The UNESCO Atlas of the World's Languages in Danger (2010) declares Lazuri as a language that is definitively endangered. Lazuri is a Southwest Caucasian language spoken by ca. 30,000 people as their mother tongue along the East Black Sea coast of Turkey and in some parts of the Autonomous Republic of Adjara (Salminen, 2007).  The region where the Lazi people live is called Lazona (Benninghaus, 1989). Because Lazuri is primarily an oral language, and all new speakers tend to grow up bilingual (typically speaking Lazuri and Turkish), the language is at risk of extinction (e.g., Yuksel-Sokmen & Chasin, 2008). Although the Lazuri alphabet was first established around the late 20s by a native folklorist, named Iskender Tsitasi, who published periodicals and poems until 1938, there were many obstacles to learn and to teach Lazuri due to the lack of language learning resources and limited documentation of the language (interview with language activist İsmail Avcı Bucaklişi in Istanbul, April 2012). Hence, Lazuri remained a primary spoken language until Lazoglu and Feuerstein re-introduced the Lazuri Alboni or Alphabet in Latin letters in 1984 and started to publish periodicals, called 'Ogni' ("Did you hear"). The first Lazuri Dictionary (Bucaklişi & Uzunhasanoğlu, 2006) was among the first one to adopt the Lazuri Alboni. The Little Prince by Antoine de Saint-Exupery become the first book which has been formally translated into the Lazuri Alboni by Sinan Albayrakoğlu (2011) who worked four years on the Turkish to Lazuri translation. Also, in 2011 the Bosphorus University of Istanbul started to offer Lazuri as an elective class for beginners. With the recent establishment of the Lazika Yayin Kolektif (Lazika Publication Collective) in 2010, current and future generations of students, teachers, authors, and scholars of Lazuri are encouraged to contribute to the process of language revitalization, thus paving the way for a Lazuri literature.

Livonian

Livonian is a Finnic language spoken in Latvia.  It is one of the three languages (along with Manx and Cornish) listed as revived by the UNESCO Atlas of the World's Languages in Danger.

Leonese

Leonese was recognised as a seriously endangered language by UNESCO, in 2006. The only legal reference to this language is in the Autonomy Statute of Castile and León. The Province of León government supports the knowledge of this language through courses, by celebrating "Leonese Language Day" and by sponsoring literary efforts in the Leonese language, such as "Cuentos del Sil", where nine writers from teenagers to people in their eighties develop several stories in Leonese. The Leonese Local Government uses the Leonese language in some of their bureaus, organizes courses for adults and in 2007 organized Leonese Language Day. The Leonese Local Government official website uses the Leonese language. The Leonese language is taught in two schools of León city since February 2008. The local authority for education said it would be taught in all Leonese schools next course.

Manx

Manx is a language spoken in the Isle of Man, which is in the Irish Sea, between Scotland, England, Ireland and Wales. Manx ceased to function as a community language during the first quarter of the 20th century, but was revived by enthusiasts at a time when there were still a number of native speakers alive. Although at one point no native speakers of the language were alive and it may have been officially classified as "dead" in 1975, the revival appears to have gained strength in recent years. There is a regular programme in Manx on Manx Radio. As of 2012 there were sixty-nine pupils undergoing their education through the medium of Manx at the .

Mutsun

Mutsun is one of the eight Ohlone languages originally spoken in the San Juan Bautista, California area. The last fluent speaker, Ascencion Solórzano de Cervantes, died in 1930. The contemporary tribe,  tribal band, is working to revive the language using the notes of linguist John Peabody Harrington. The Mutsun language has a program to teach it to tribal members and a dictionary is being planned. The initial member to galvanize the language revitalization is Quirina Geary. Immersion into the language is planned in books, songs, and games Rumsen and Chochenyo are the other two Costanoan languages being revived along with Mutsun.

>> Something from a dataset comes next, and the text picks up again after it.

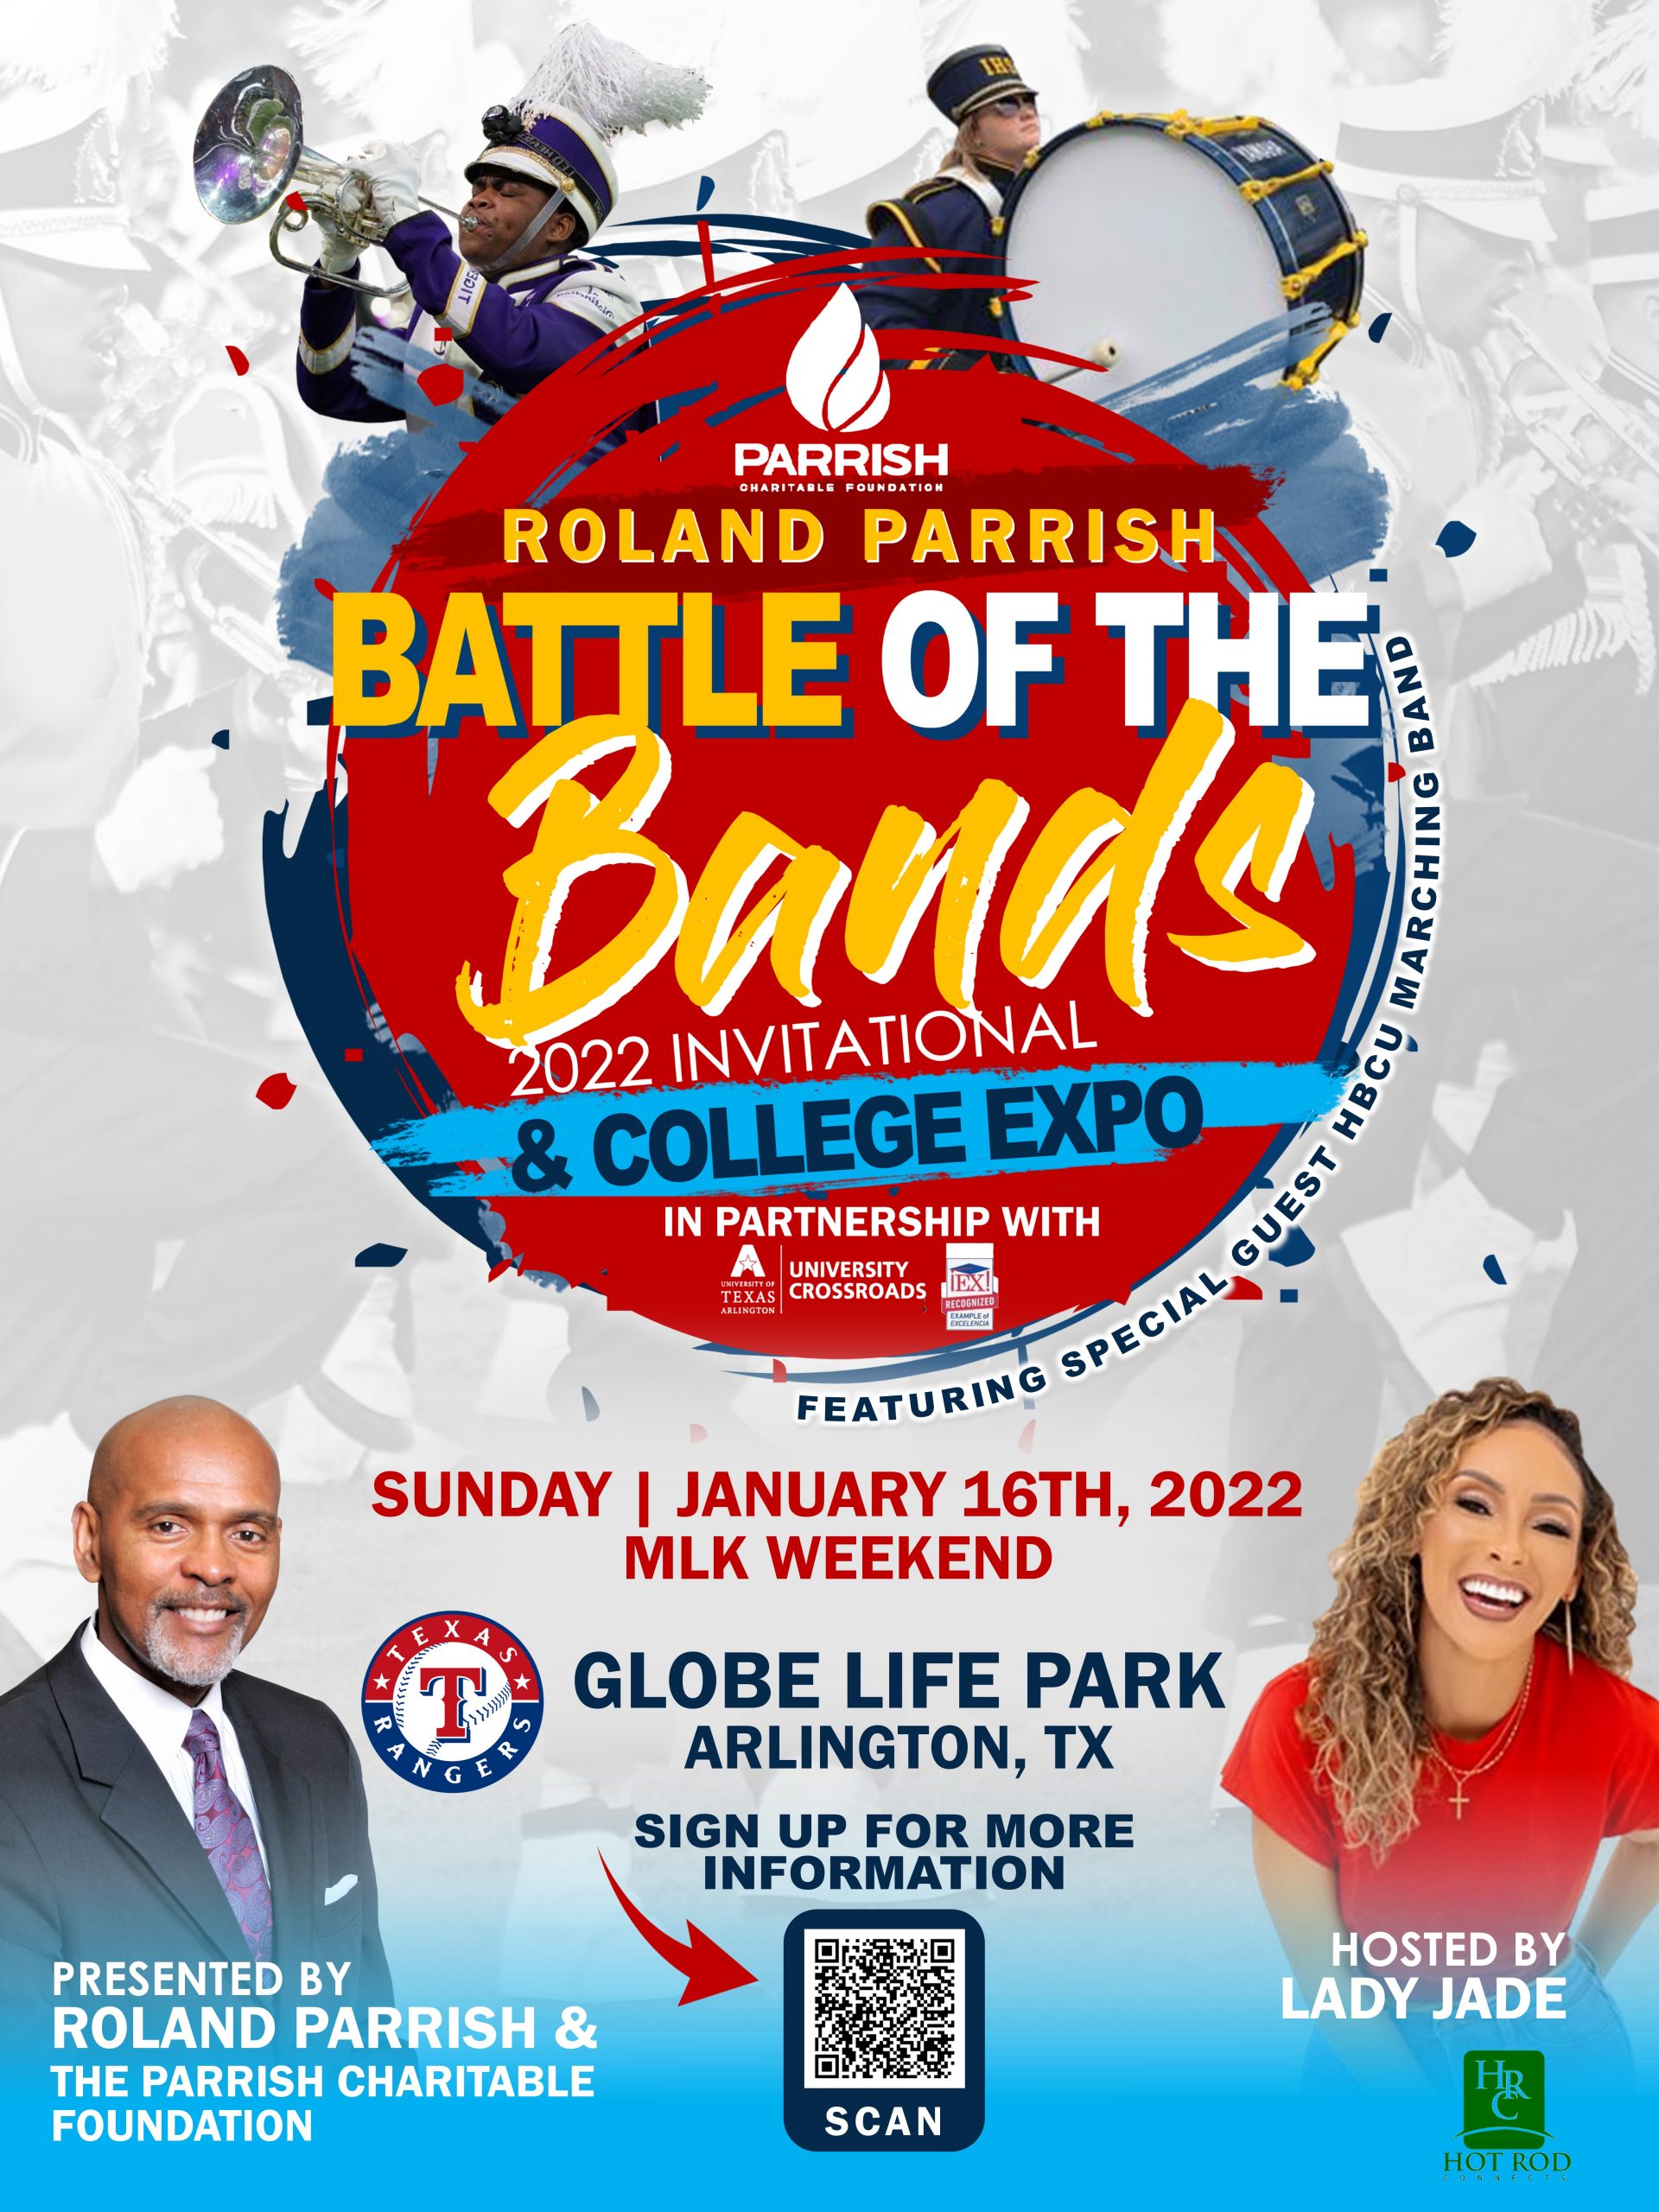 Roland Parrish Battle of the Bands 2022 Invitational & College Expo

 Native American languages 
Some languages being revived across the Americas are:

Wampanoag: In the 21st century, Wampanoag became the first Native American language in the United States to be revived, with young children brought up in the language.

Chochenyo: The Muwekma Ohlone Tribe of California has revitalized the Chochenyo language, which was last spoken in the 1930s. As of 2009, many students were able to carry on conversations in Chochenyo.

Miami-Illinois/Irenwa: The Myaamia (Miami) Nation of Indiana still practice and use their native heritage to teach young and old so they can keep their traditional language alive. Many Miami members have described the language as "sleeping" rather than "extinct" since it was not irretrievably lost.

The revitalization effort is based on the work of linguist David Costa. Based on his extensive studies, he published The Miami-Illinois Language'' in 1994 as his Ph.D. dissertation and as a book in 2003. The book reconstructs the structure of Miami-Illinois.

The Myaamia Center is a joint venture between the tribe and Miami University. The Center seeks to "deepen Myaamia connections through research, education, and outreach." It is directed by Daryl Baldwin, who taught himself Miami from historic documents and studies held by the Smithsonian's National Anthropological Archives, and has developed educational programs. Baldwin's children were raised as native speakers of Miami. Center staff develop language and culture resources using material that is often from translated missionary documents.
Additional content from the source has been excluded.